Italian two-year bonds have shot from offering negative yields to yielding 2.77 percent virtually overnight. A shocking move given the typically glacial pace of debt markets. Where a move of that size typically takes years. Shock waves resonated throughout the Italian economy. Having brought European finance minsters to shudder at the consequences should Italy spiral into a deeper debt crisis.
Traditionally, bonds represent the boring end of the investment spectrum. So, when such instruments -- especially those of a sovereign government -- make such volatile moves, it can only indicate a real sense of fear on behalf of bond investors who have essentially demanded much higher yields to compensate for the perceived risk of buying and/or holding such instruments. Something wicked this way comes...
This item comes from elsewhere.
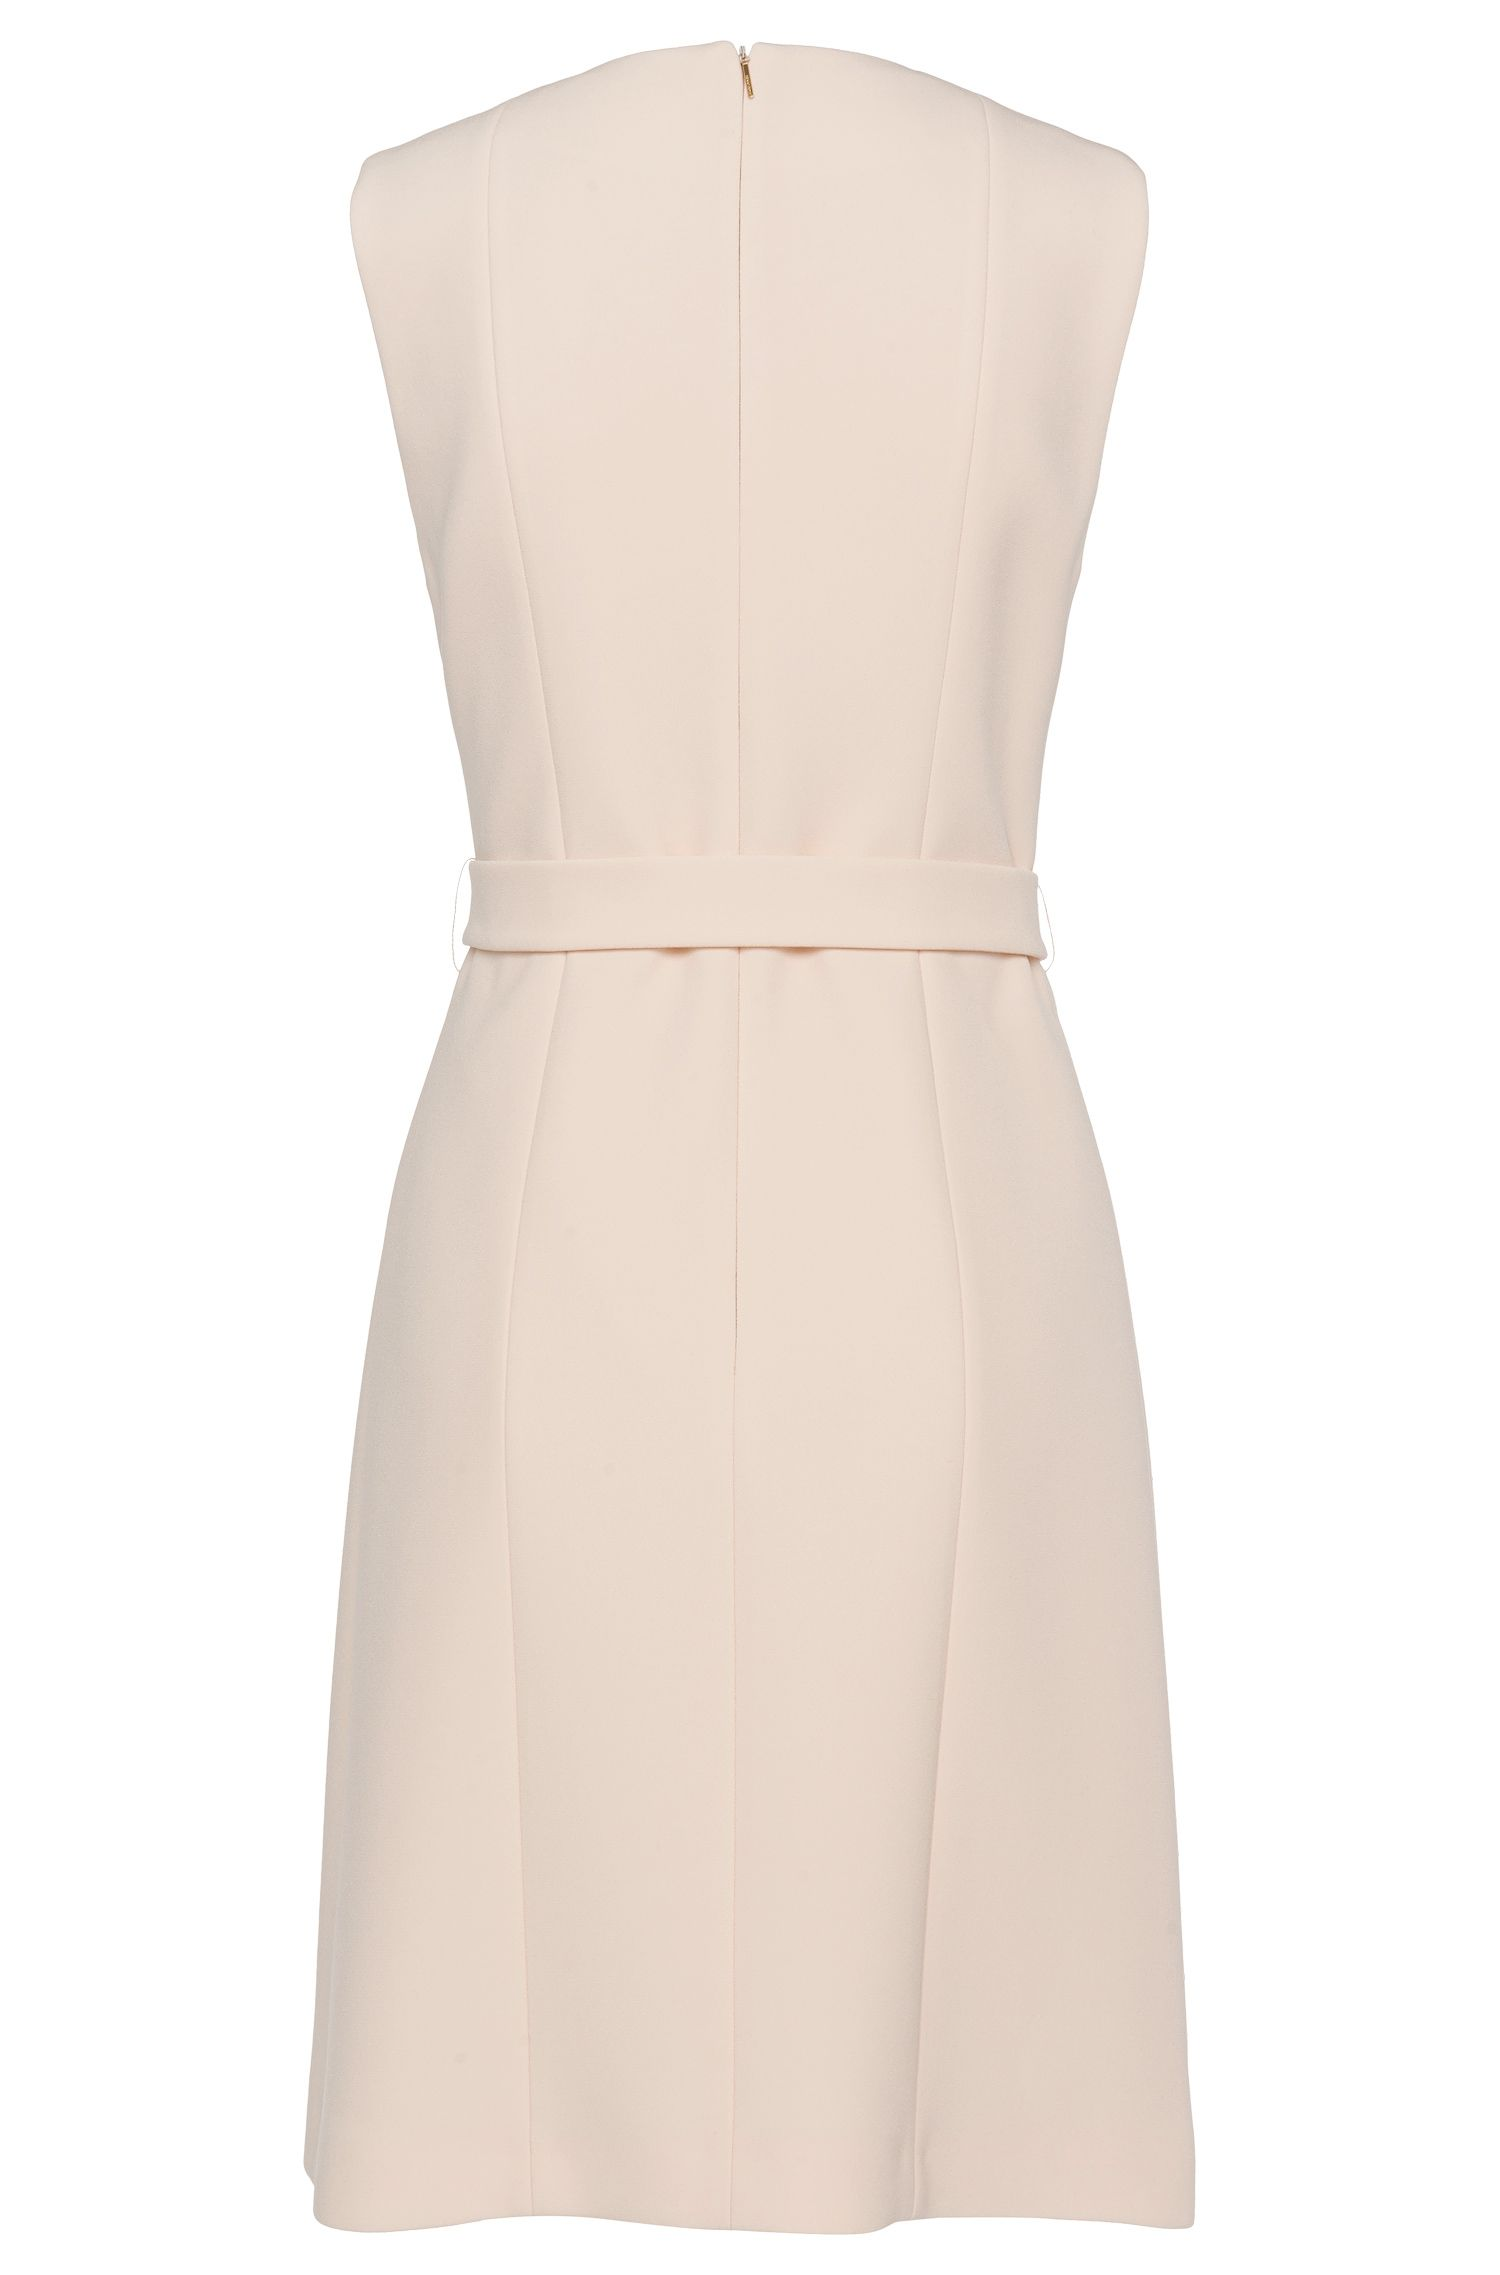 Mouwloze jurk met tailleceintuur: 'Diganira'

Not that the world isn't perfectly acclimated to Italian political crises. Silvio Berlusconi ran the place like his personal carnival for years. But this comes at a sensitive time for the EU. And, if push comes to shove, an Italian exit (Itexit?) from the EU would be standard deviations more harmful than Brexit.
For Europe, this Italian goat rodeo represents a self-reinforcing catastrophe: Lower sovereign bond prices (and thus higher yields) weaken bank stocks and bonds, resulting in a pullback in lending and capital market losses. Which in turn weakens the economy. Lowering tax revenues. Which further lowers government bond prices and raises borrowing costs as politicians are forced to consider bailing out their banks. Underscored by the realization that the situation can only get worse before it gets better. And whereas the EU was able to navigate Greece's crisis five year ago, Italy's economy is eight times larger. And its bond market, because of its indebtedness, is the world's third largest. Making this a much bigger pill to swallow.
Of course, Italy will contend that it can batten down the hatches and reign in its spiraling debt concerns. Which, quite frankly, sounds about as plausible as a Wells Fargo apology ad. We'll stand by the old John Michel dictum: watch what they do, not what they say.
The entire house of cards brings me back to another recent Southern European debt crisis. Athens, Greece. Summer of 2011. Protesting against austerity requirements mandated by the Northern European Industrial Overlords, the Greeks spent the summer gnashing their teeth, lobbing Molotov cocktails at government buildings, and making headlines. And why don't these things ever occur during the winter? Perhaps Mediterranean mobs refuse to angrily take to the streets until its just a wee bit warmer...
Still, domestic markets long ago learned to acclimate to foreign financial and economic turbulence. Though caterwauling headlines will bring otherwise prudent investors to feign nervous tension in the weeks ahead, equity markets will soon enough digest Europe's current crisis. Seeing it for what it is -- foreign economic woes. And then returning to the business at hand: risk, reward, earnings growth and the fundamental merits of prospective opportunities.
Stay tuned for your next financial markets weekly update…
Financial Markets Weekly Recap
Major indices finished higher last week. The DJIA gained 0.15%. The S&P 500 rose 0.31%. The Nasdaq climbed 1.08%. While small ap stocks gained 0.02%. 10-year Treasury bond yields fell 12.5 basis points to 2.932%. While gold closed at $1,301.7, up $9.70 per ounce, or 0.70%.